- EXERCISE GOAL: Your task is to repeat the lines below exactly, excluding any pictures they contain.

- SUPPLIED MATERIAL:
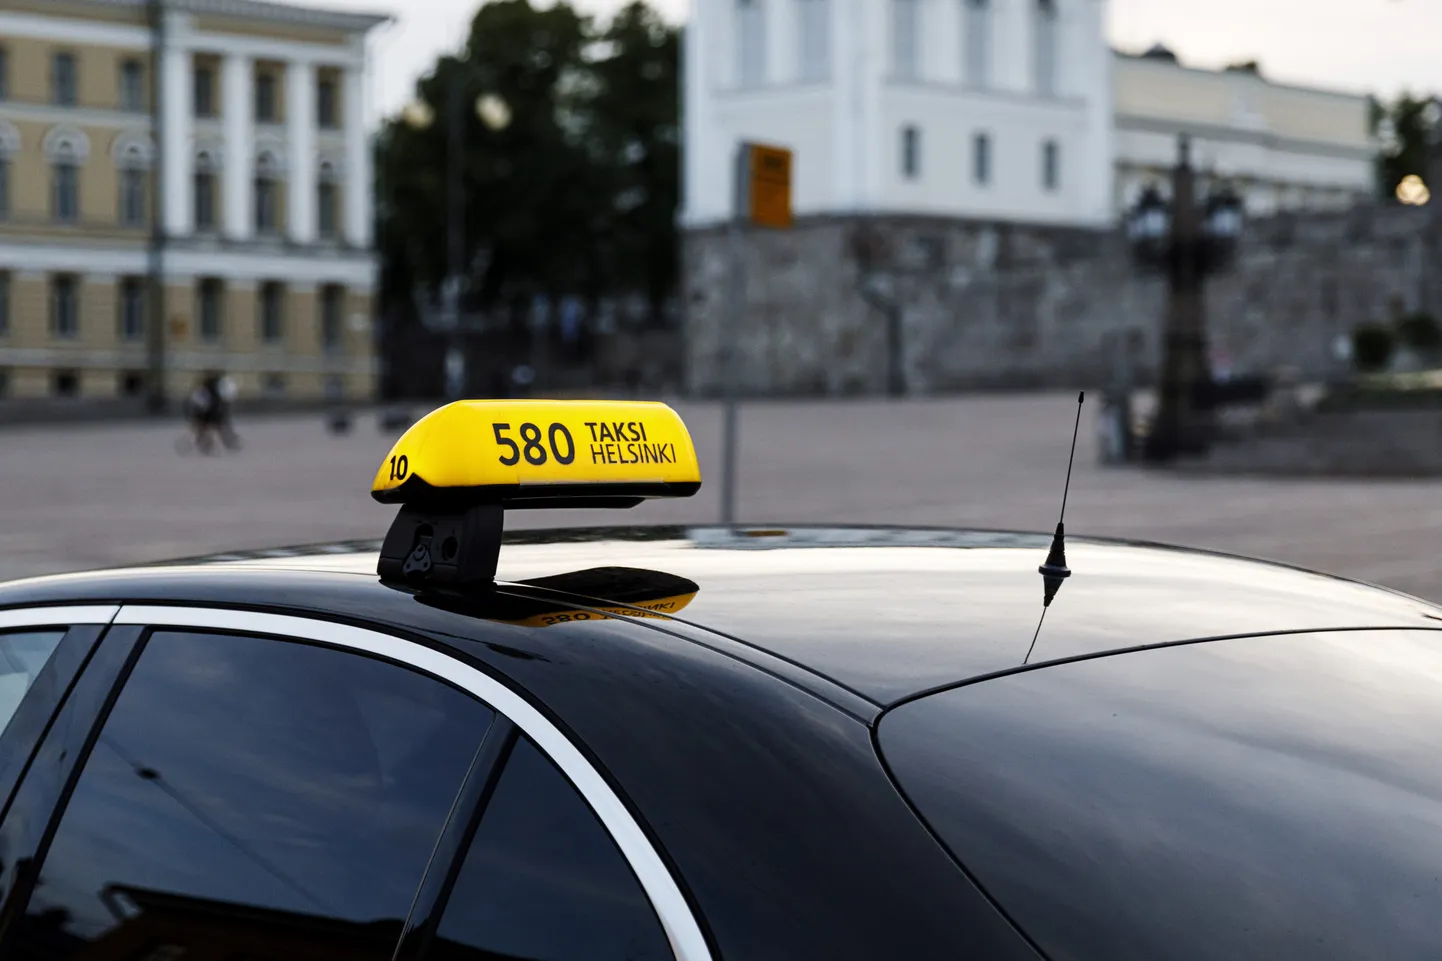 A taxi is seen in the Helsinki Senate Square
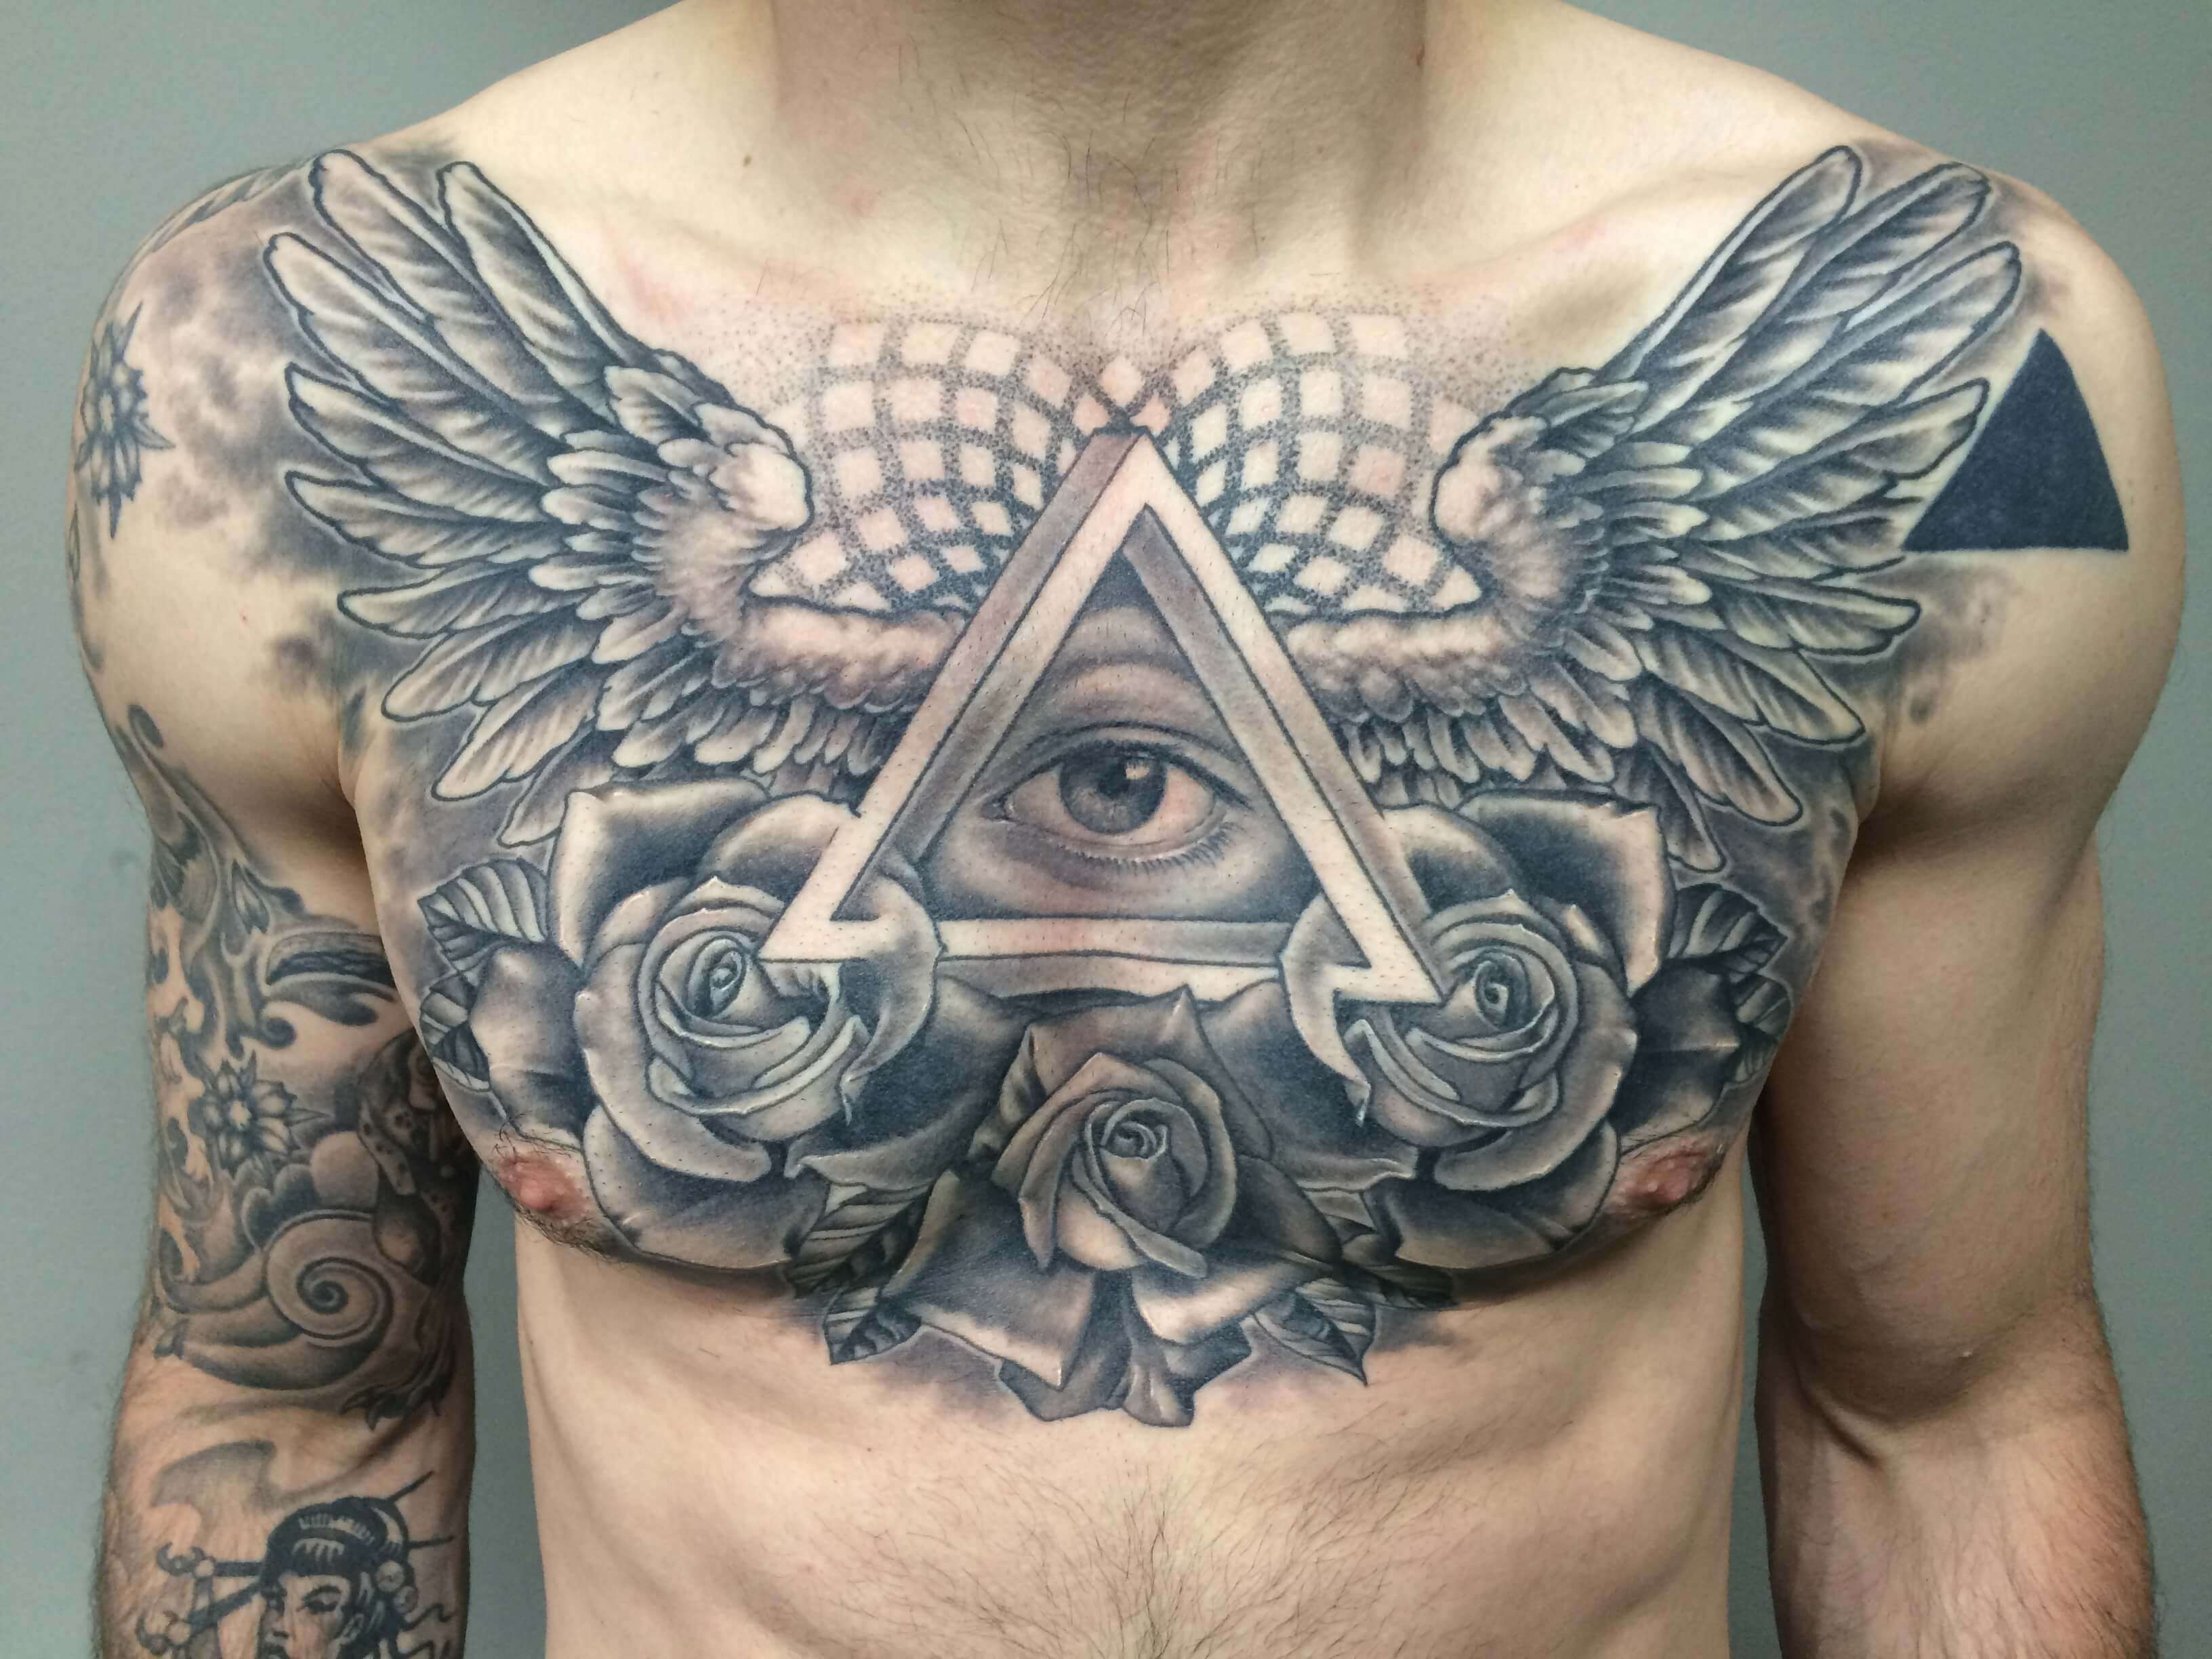 The 100 Best Chest Tattoos For Men Improb intended for dimensions 3264 X 2448
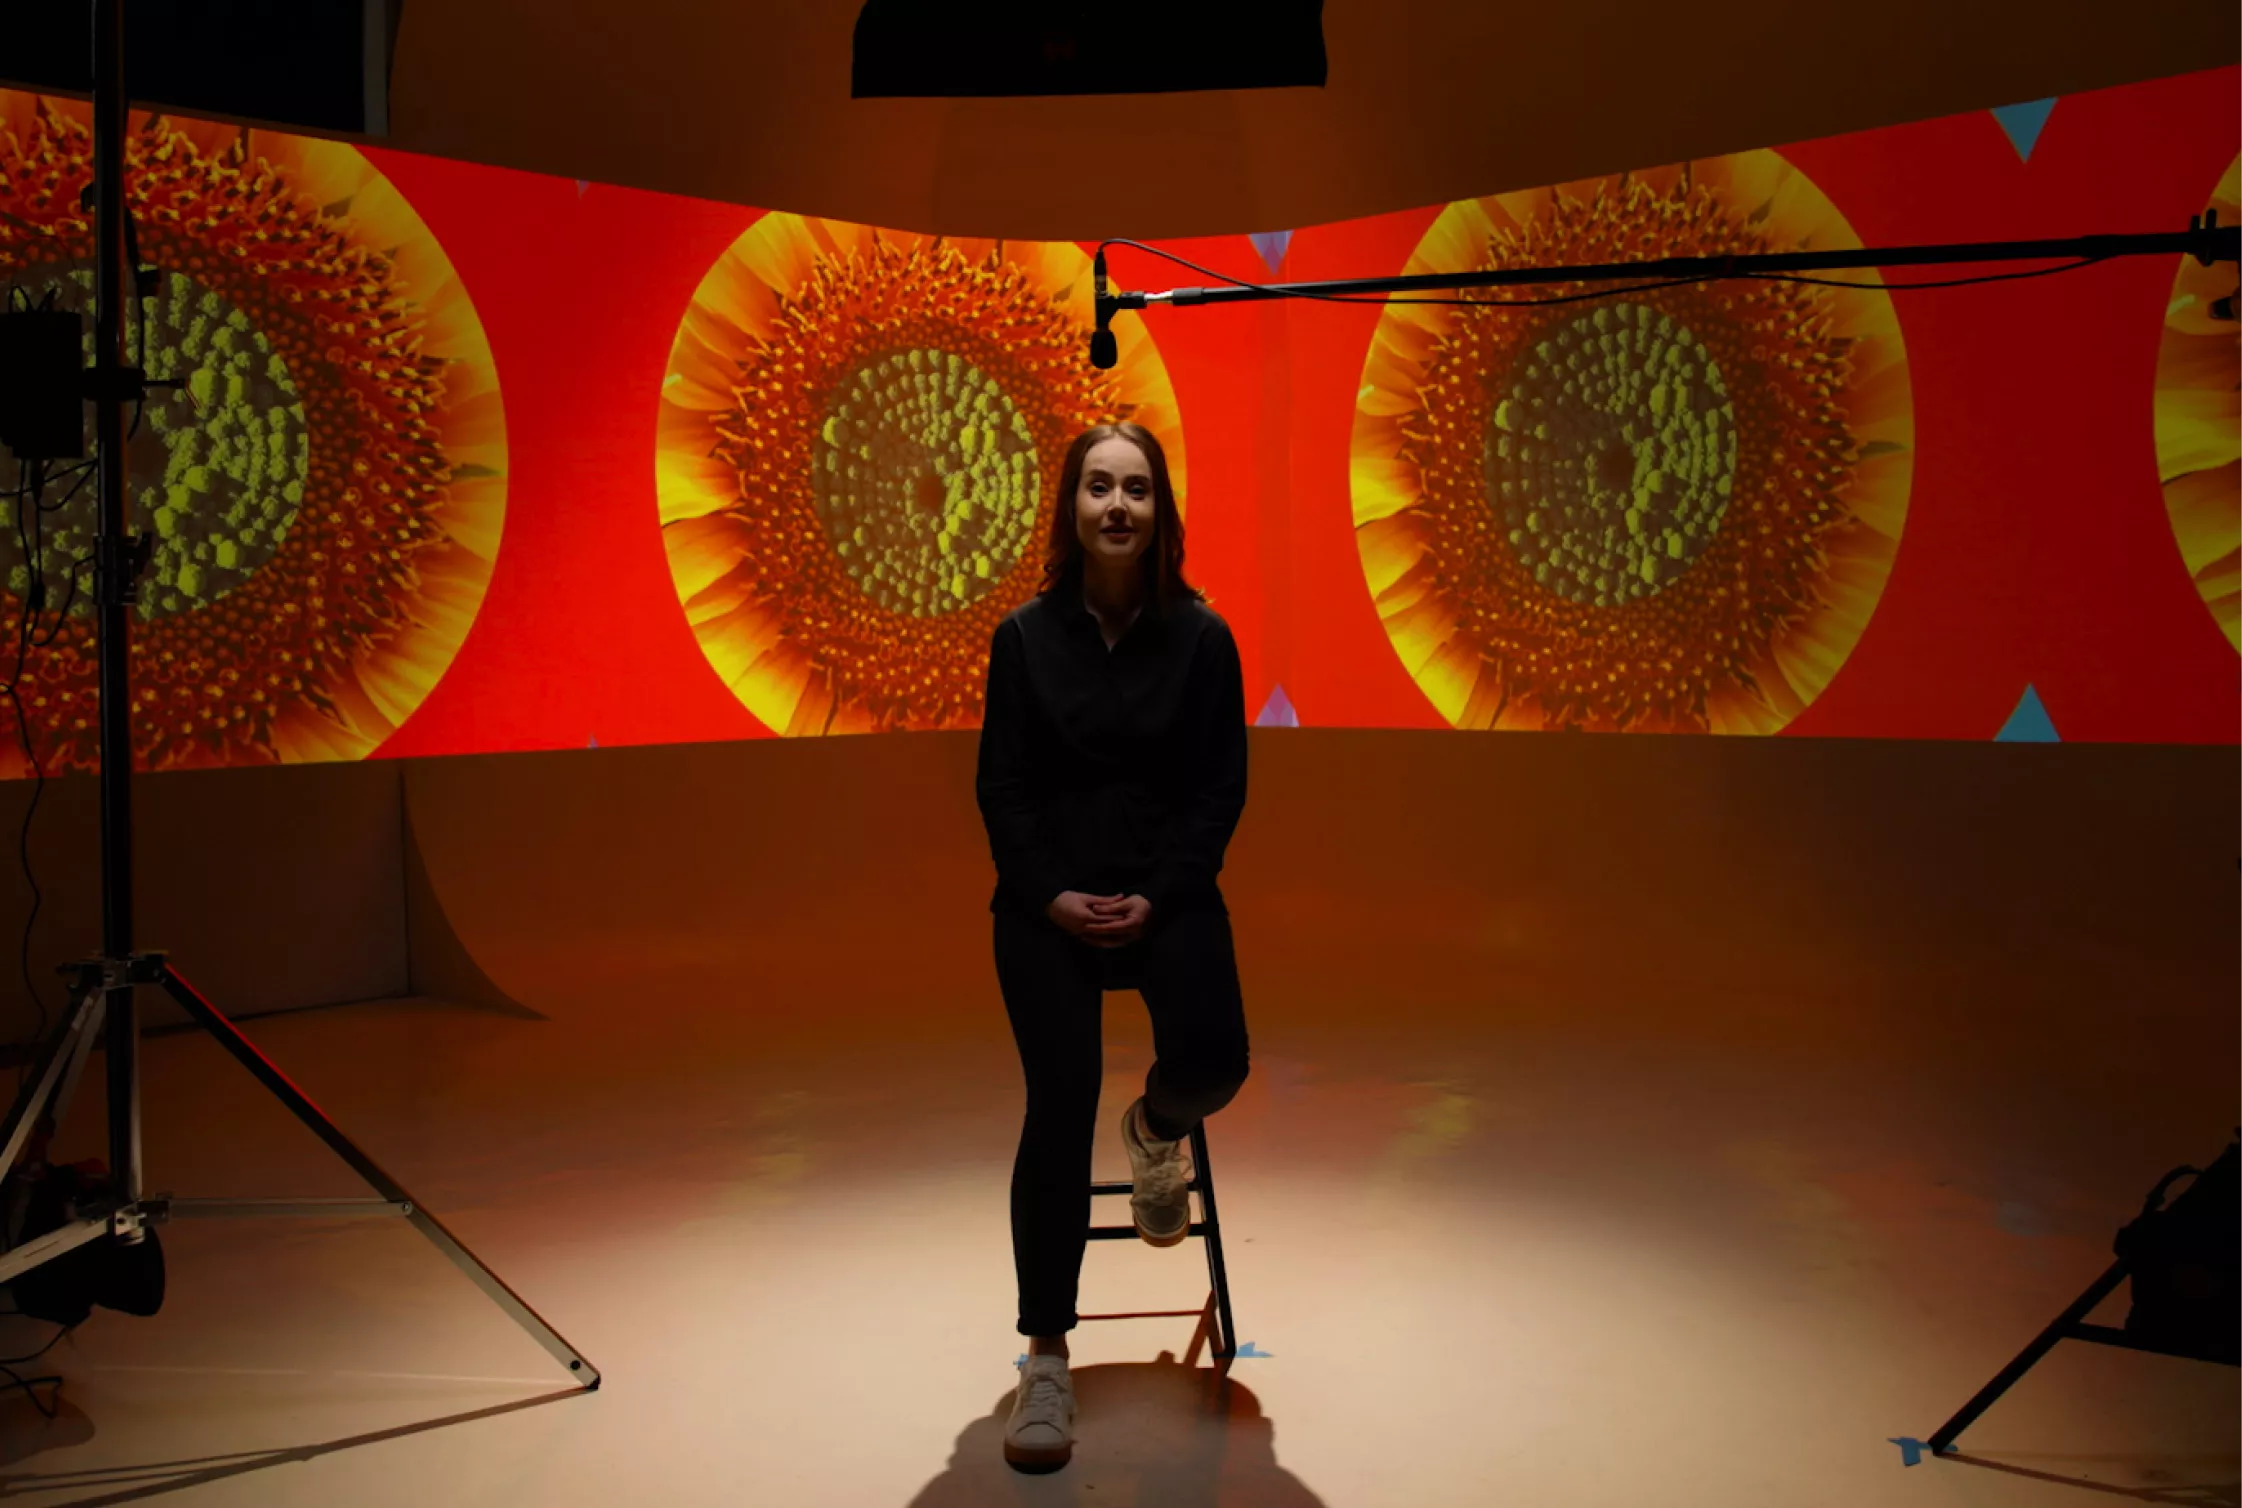 lady sitting in filming studio with projections

- RESULT OF THIS EXERCISE:
 A taxi is seen in the Helsinki Senate Square
 The 100 Best Chest Tattoos For Men Improb intended for dimensions 3264 X 2448
 lady sitting in filming studio with projections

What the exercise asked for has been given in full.